By Jin Seok Hur, Director of ADC Platform Management
Innovative strategies for efficient ADC payload manufacturing and bioconjugation
The use of antibody-drug conjugates (ADCs) has steadily increased in recent years, and the global ADC market is expected to be worth more than $16 billion in 2025 [1]. There has also been a considerable increase in private investment in ADCs since 2018, showing a growing interest in their therapeutic and commercial potential [2]. Although oncology is still the main focus of ADC research and commercialization, ADCs are being explored for new therapeutic areas, including infectious diseases and immunomodulatory applications [2]. This expansion into new indications will likely drive more ADC use.
However, ADC development is not free from challenges, particularly in the critical stages of payload production and bioconjugation. Overcoming them is crucial for ensuring efficient, cost- effective production and delivering these life-saving treatments to patients.
Challenges of ADC payload production and bioconjugation
ADC development hurdles show how difficult it is to get the balance right between therapeutic efficacy and patient safety. The inherent potency of the payloads themselves in a key aspect. These cytotoxic agents, designed to kill or to inhibit replication of cells selectively, have to be synthesized and handled with exceptionally high precision. Containment and environmental control during manufacturing protect workers and prevent unintended contamination.
Maintaining the payload’s structural integrity and stability throughout the complex conjugation process adds even more complexity, requiring an understanding of chemical interactions and degradation pathways.
The bioconjugation process, where the potent payload is linked to the antibody, has its own obstacles. Achieving a consistent drug-to-antibody ratio (DAR) is a constant challenge, as variations in DAR can dramatically affect the efficacy and safety profile of the ADC. Controlling the exact site of conjugation on the antibody is also critical, as this can change the ADC’s pharmacokinetic properties and target binding.
The linker, the molecular bridge between the antibody and the payload, must be engineered for optimal stability in circulation but also designed to release the payload efficiently when the affected microenvironment is reached. This delicate balance requires sophisticated linker chemistry and a lot of in vitro and in vivo testing. Also, the antibody component must show exceptional purity, specificity, and stability, as imperfections can compromise the ADC’s performance.
Scaling up ADC production for clinical trials and commercialization introduces new logistical and manufacturing difficulties. The multi-step process, which includes antibody production, payload synthesis, conjugation, and purification, requires careful process development and optimization. Strict quality control measures are essential to ensure the final product’s consistency and purity, requiring the development of robust analytical methods to characterize the complex ADC structure. The risk of contamination and impurities means that rigorous manufacturing practices and advanced purification techniques are needed.
Additionally, there are major regulatory and safety considerations around ADCs because of their potent payloads and intricate structures.

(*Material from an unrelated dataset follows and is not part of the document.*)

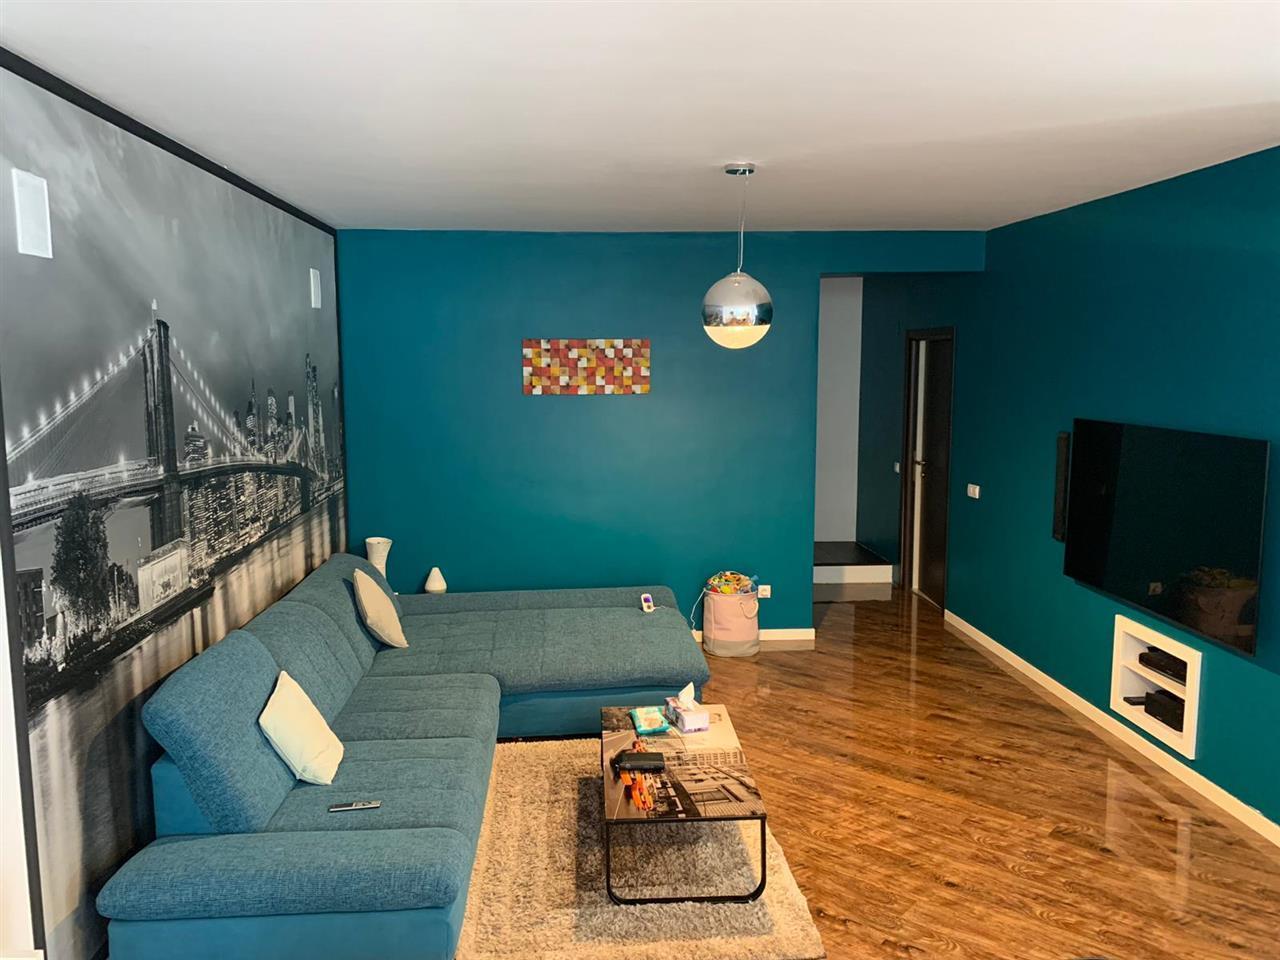 Casa 190 mp,4 camere,3 bai, mobilata/utilata la cheie

Demonstrating their safety and efficacy requires comprehensive preclinical and clinical studies, addressing potential toxicities and off-target effects. The need for continuous monitoring and risk mitigation strategies throughout the development and manufacturing process shows how important a robust quality management system is. The journey from payload synthesis to a clinically viable ADC is complex, requiring a multidisciplinary approach and constant focus on quality and safety.

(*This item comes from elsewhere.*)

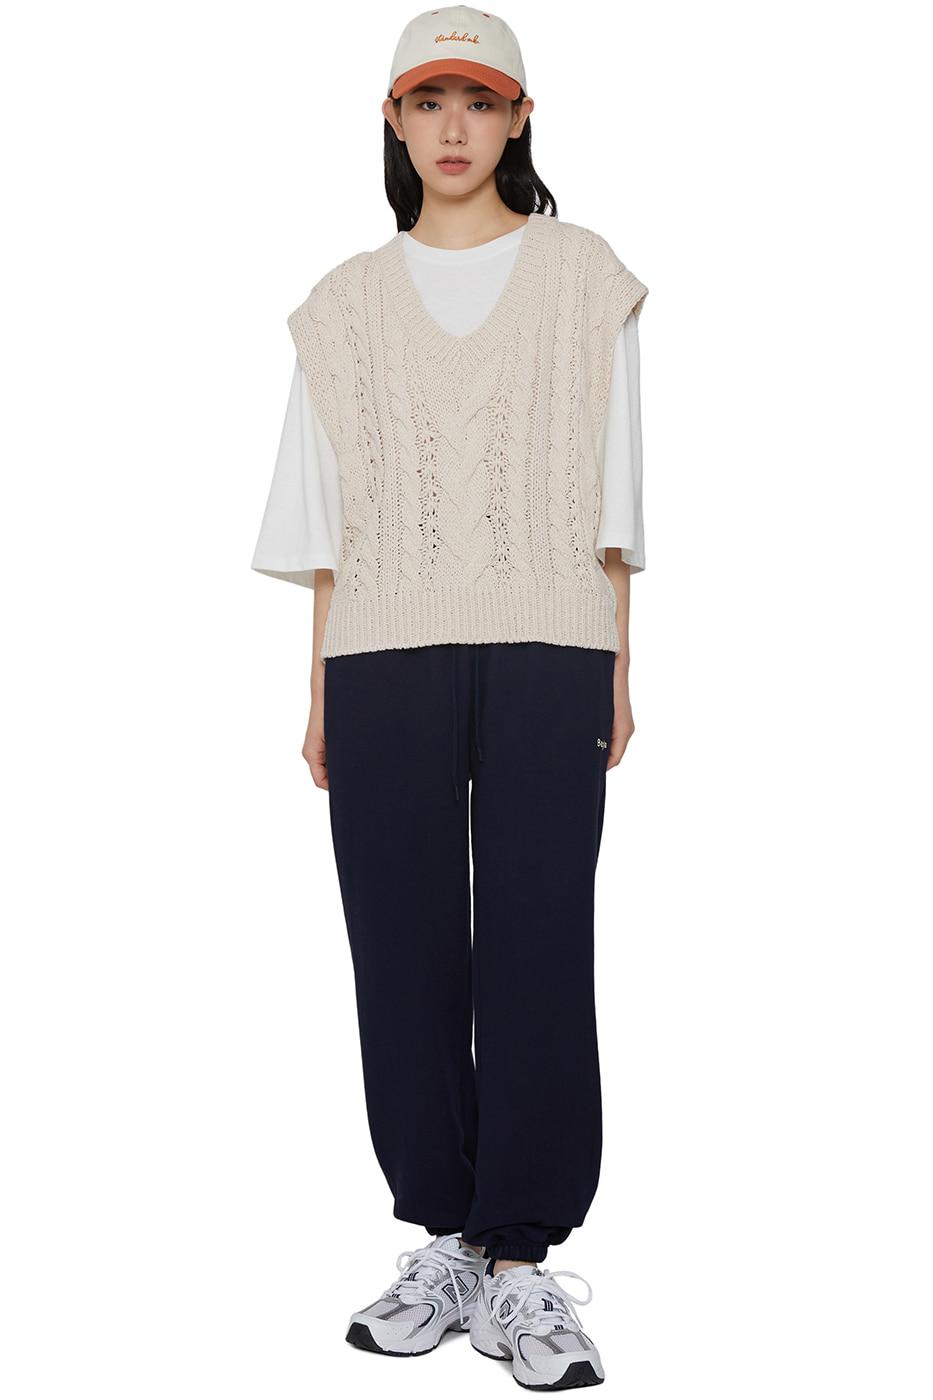 Humming Twist Knitwear Vest

Ensuring efficient and cost-effective ADC manufacturing
Overcoming the complex challenges in ADC payload production and bioconjugation requires an approach focused on precise engineering and efficient production. Innovative strategies and technological advancements have been streamlining ADC production, with a focus on addressing challenges and delivering therapies to patients efficiently and cost-effectively.
These include:
Advanced conjugation technologies
Site-specific conjugation allows precise control over the DAR, resulting in more homogeneous ADCs with predictable pharmacokinetics and efficacy. By directing the payload attachment to specific locations on the antibody, this technology ensures a more uniform product, without the heterogeneity of traditional conjugation methods. This precision minimizes variability, reducing the risk of batch failures and lowering production costs. As a result, each ADC molecule exhibits a similar potency.
Optimized linker design
Developing linkers with optimal stability in circulation and controlled release at the target site matters greatly. Linkers are designed with chemical bonds resistant to hydrolysis or enzymatic degradation in the systemic circulation. This prevents premature payload release and reduces off-target effects. Computational modeling and simulations can be used to predict linker stability and release kinetics. This optimization enhances the therapeutic window, minimizing off-target toxicities and improving patient outcomes.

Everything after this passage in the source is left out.